** PROBLEM DESCRIPTION **
Nothing but the text should be carried over: reproduce all the data exactly and leave out every image.
** Opening SUPPLIED MATERIAL block **
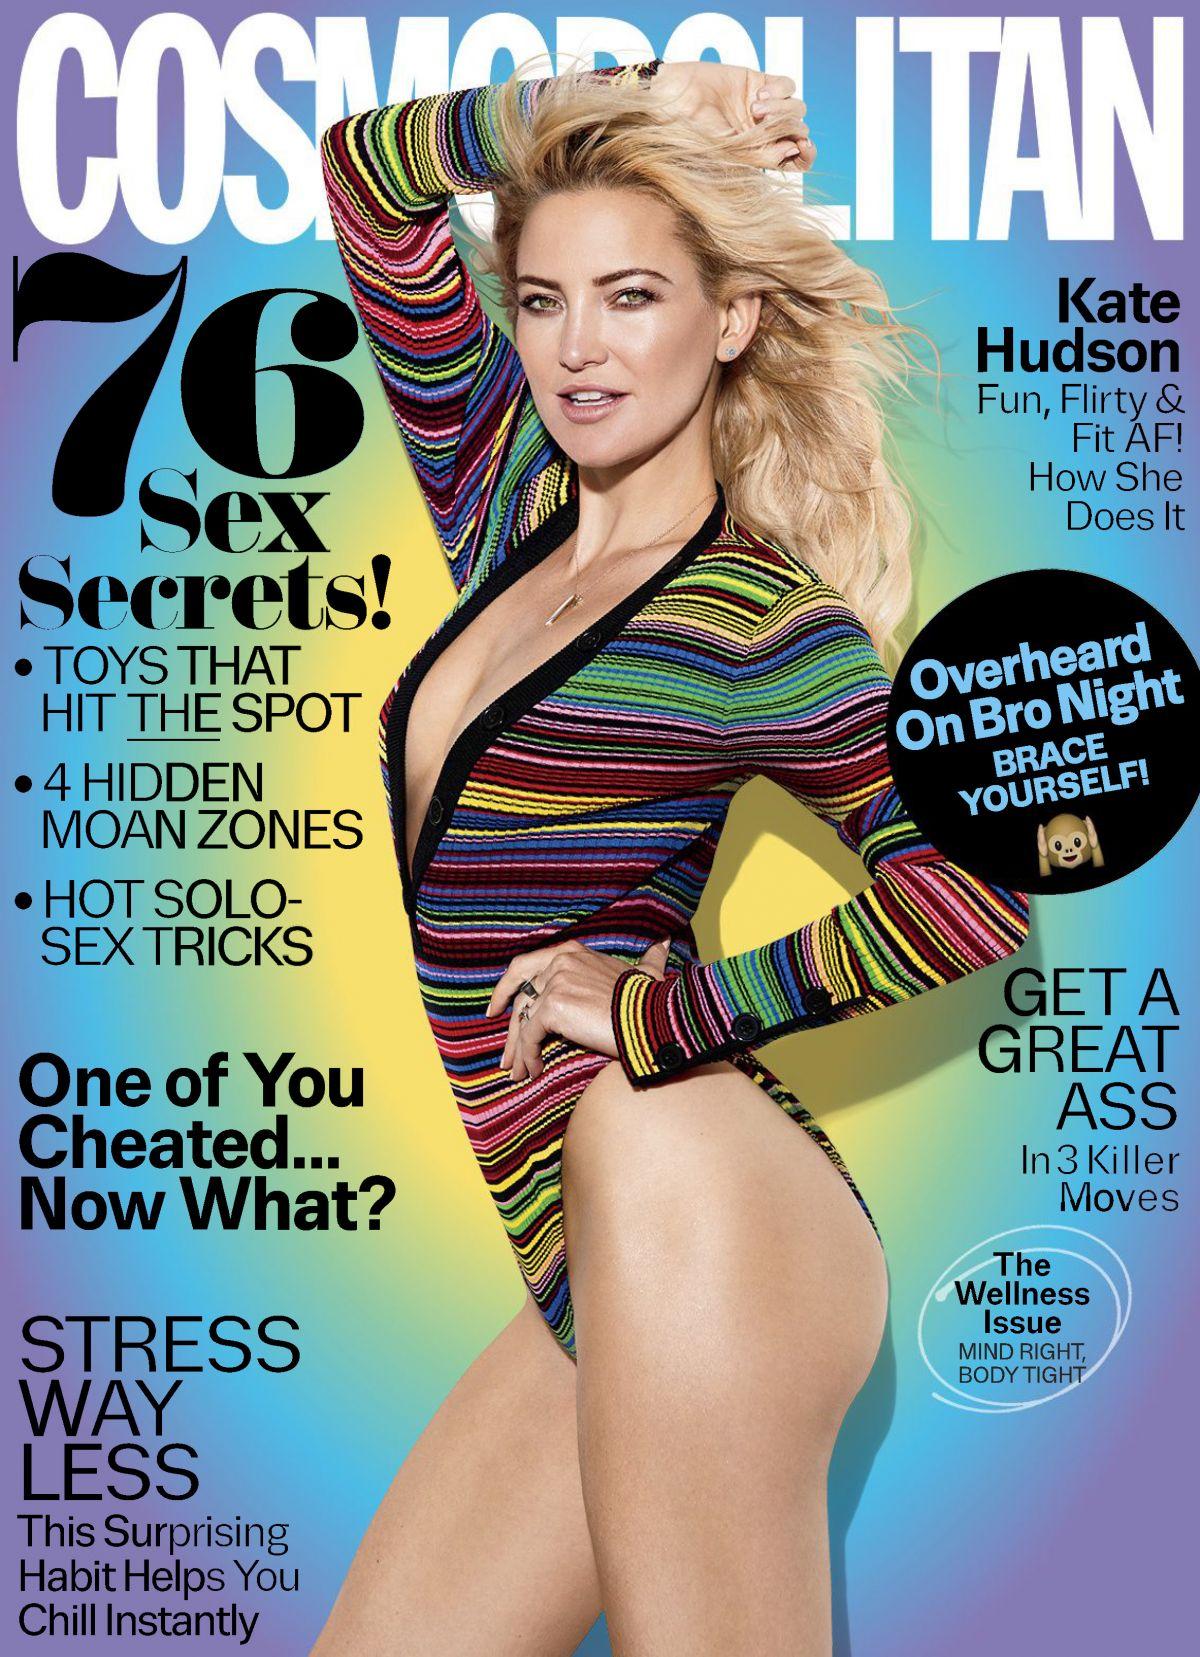 kate-hudson-in-cosmopolitan-magazine-october-2017_1.jpg
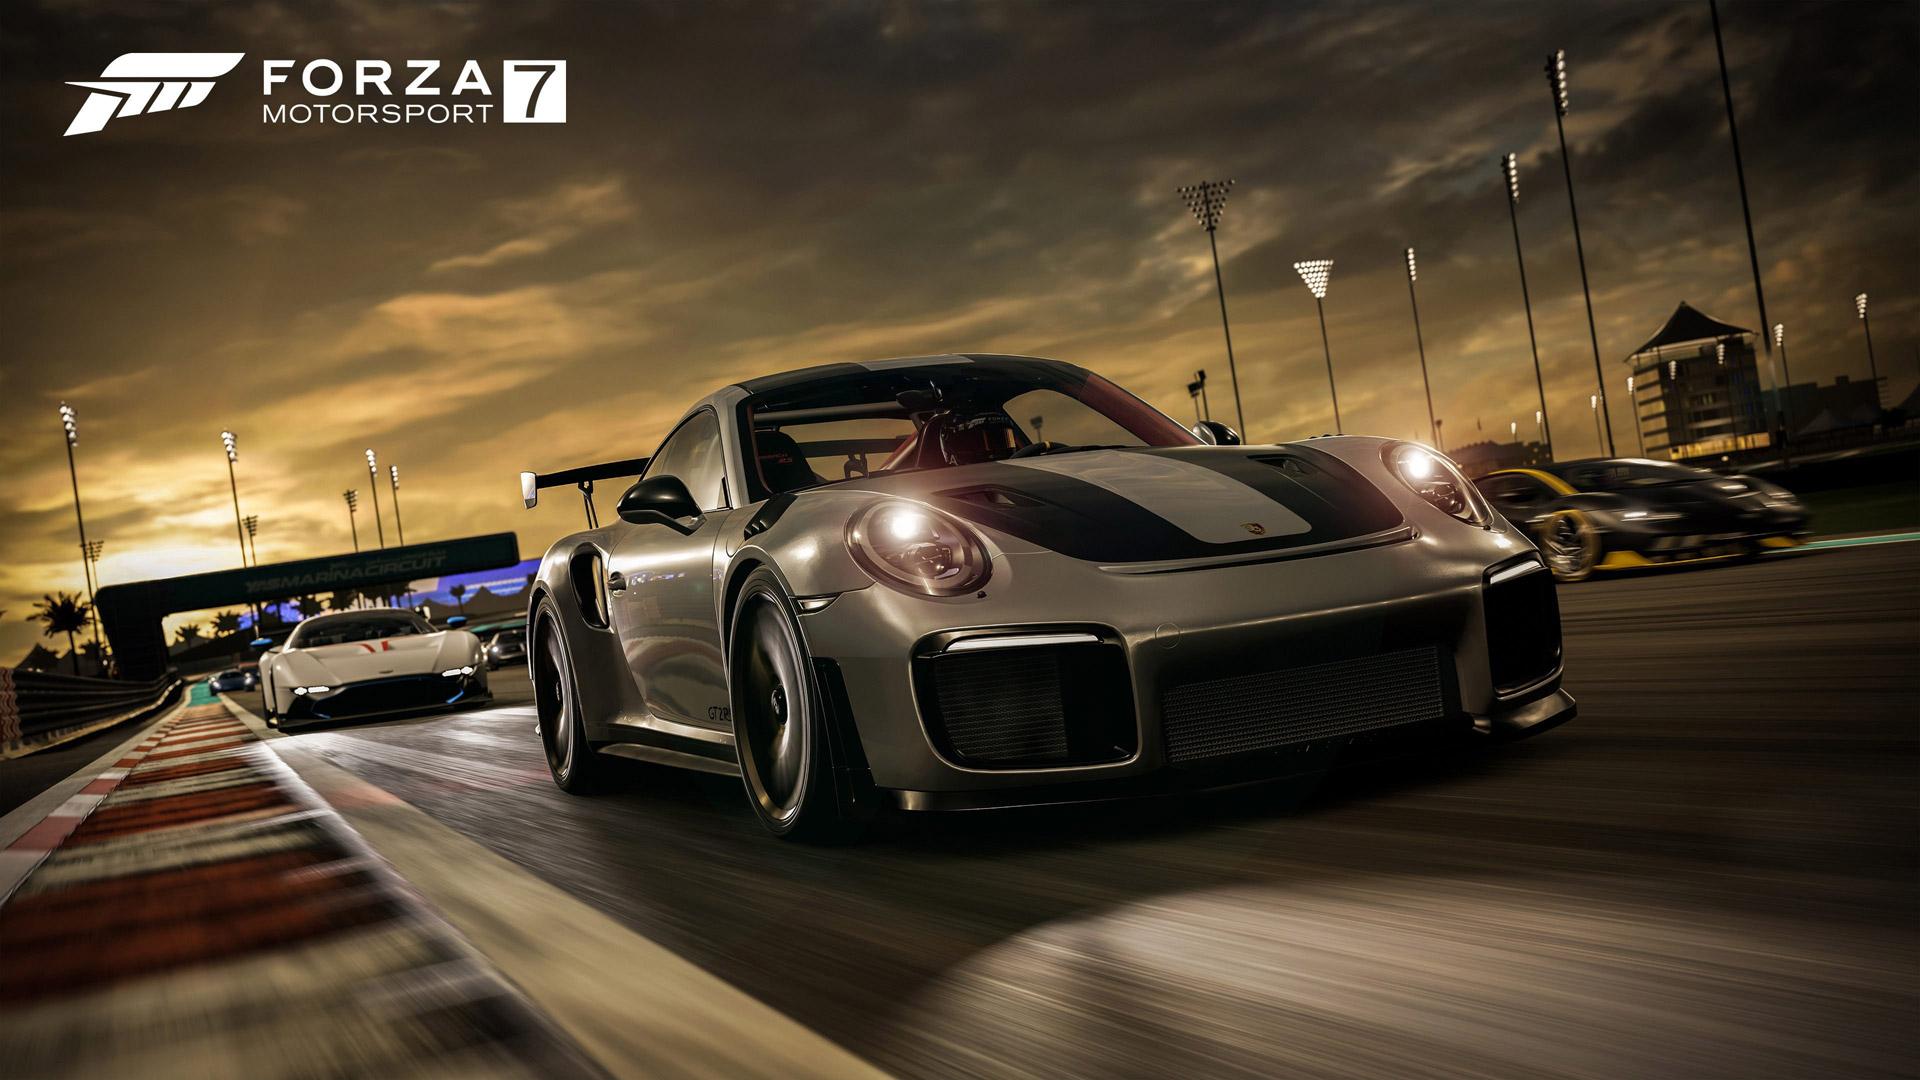 Free Forza Motorsport 7 Wallpaper in 1920x1080
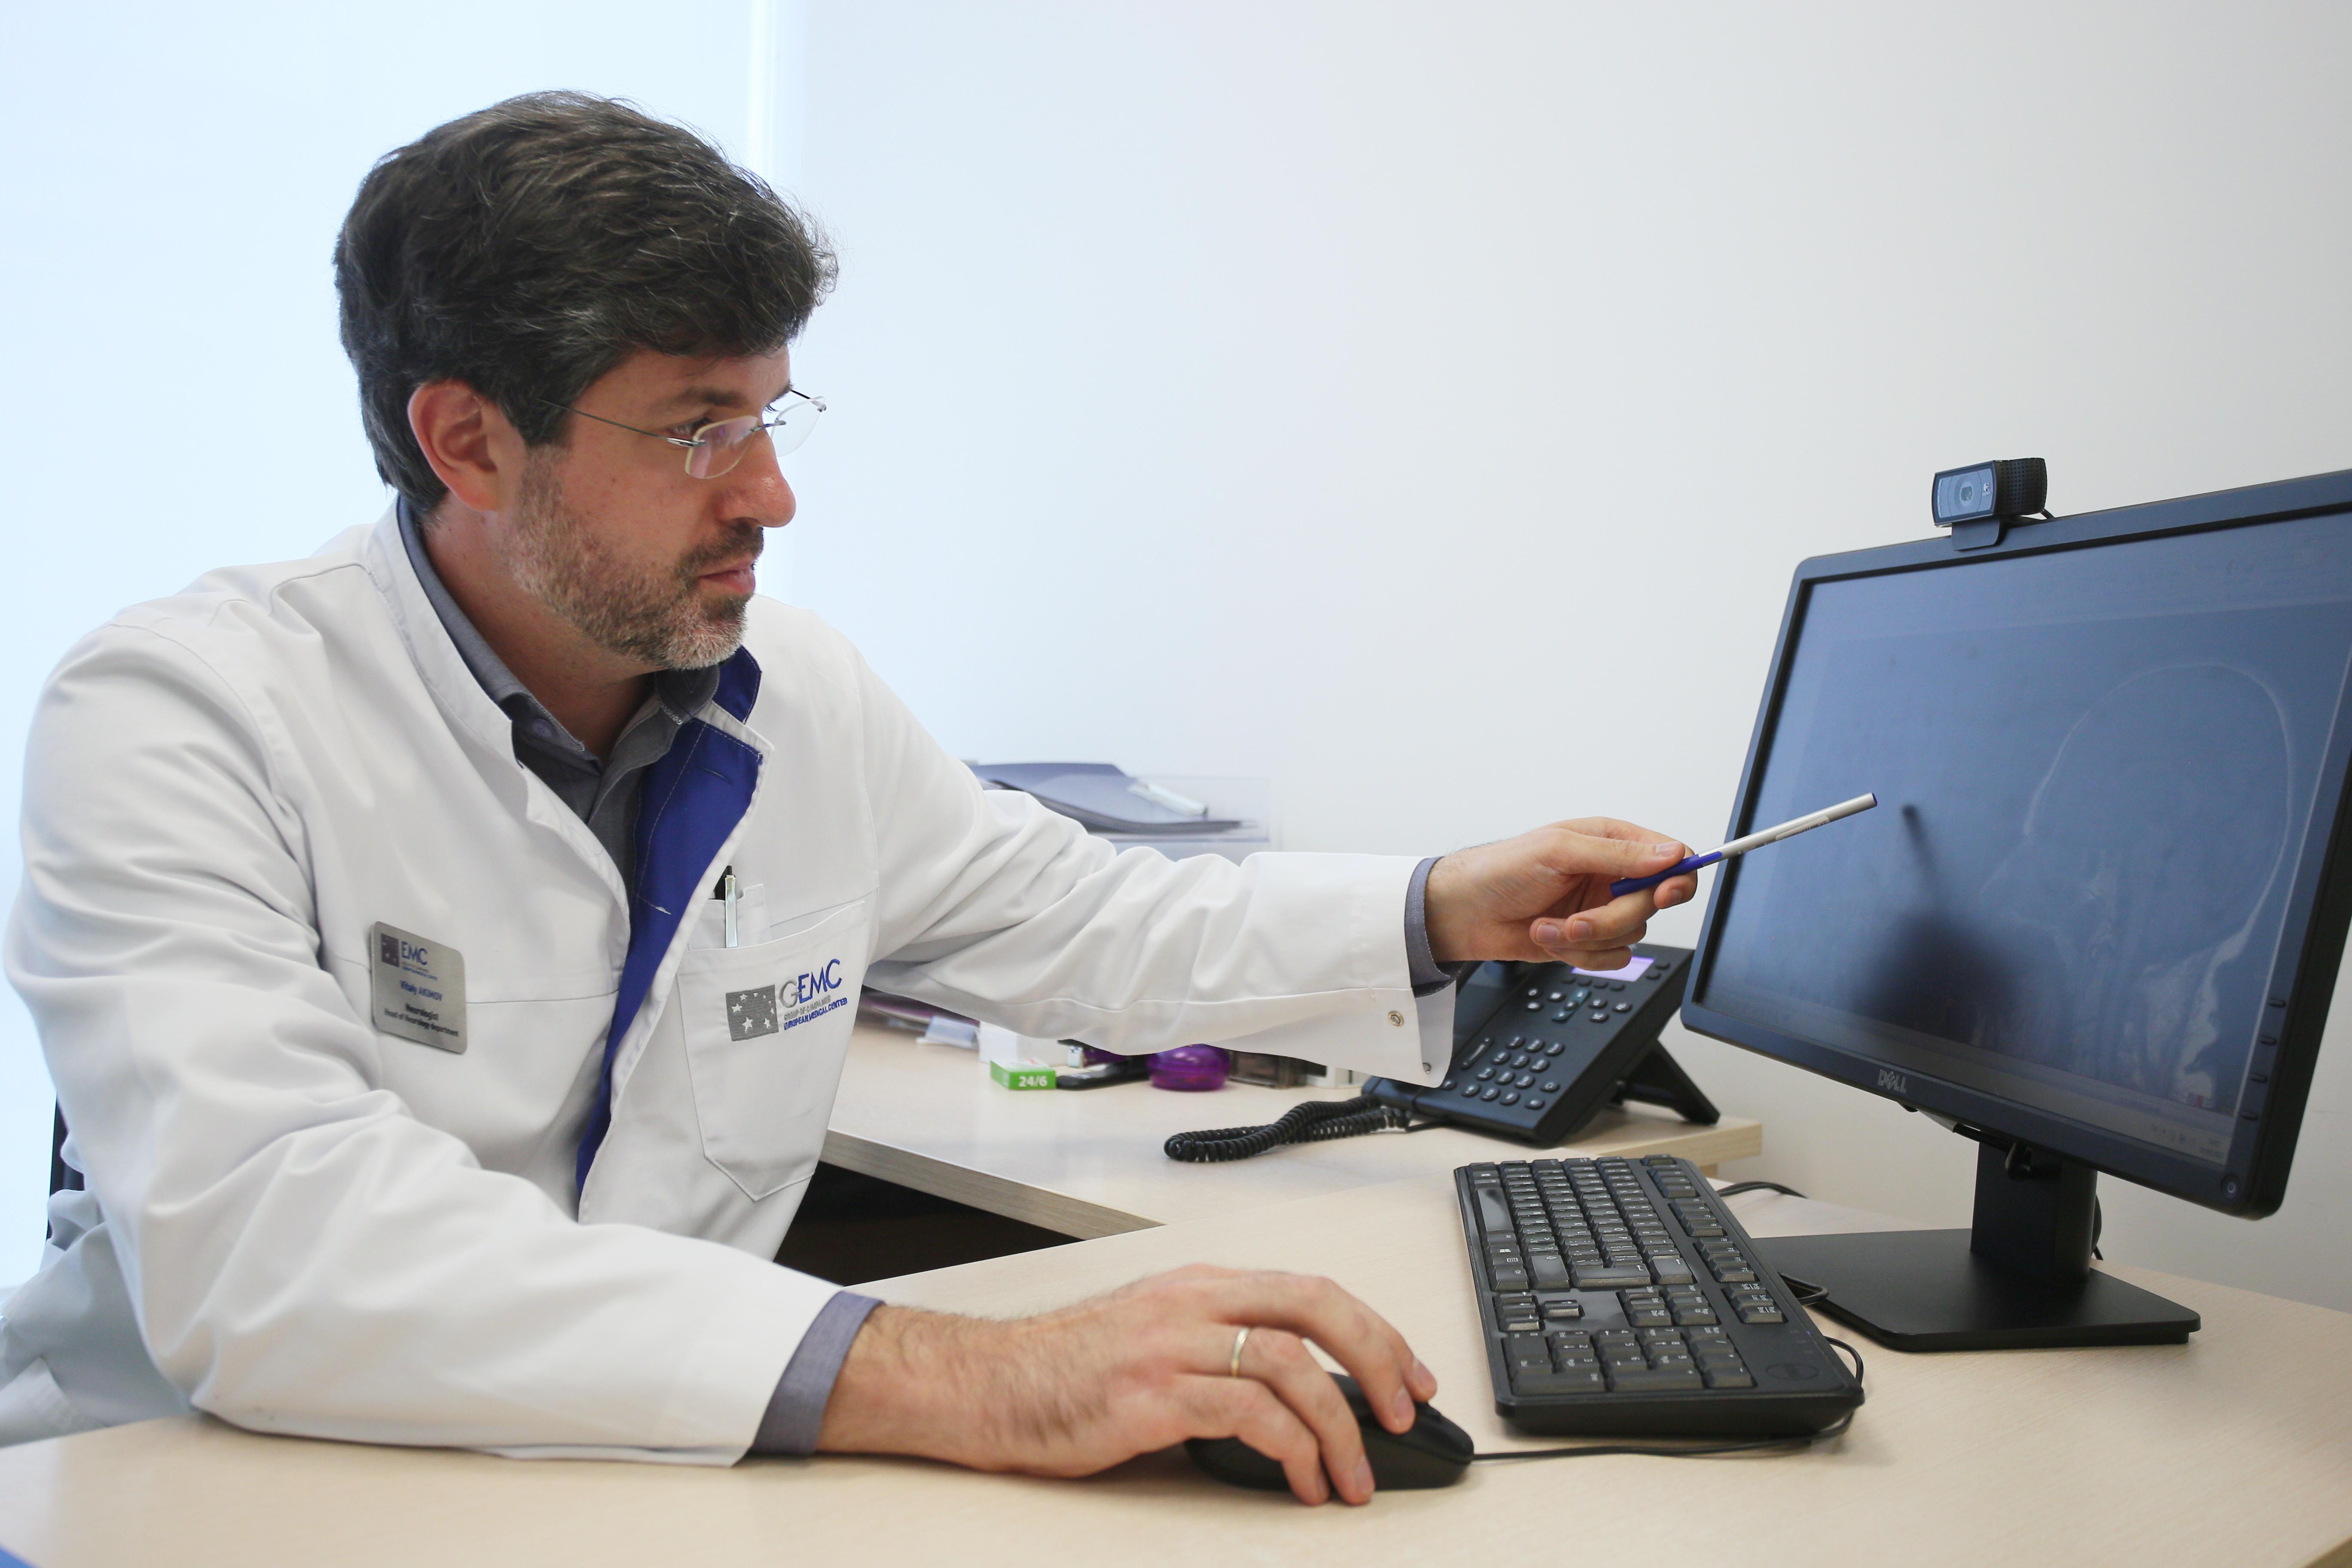 Виталий Акимов, руководитель отделения неврологии Европейского медицинского центра (EMC)
** Closing SUPPLIED MATERIAL block **
** EXERCISE RESULT **
 kate-hudson-in-cosmopolitan-magazine-october-2017_1.jpg
 Free Forza Motorsport 7 Wallpaper in 1920x1080
 Виталий Акимов, руководитель отделения неврологии Европейского медицинского центра (EMC)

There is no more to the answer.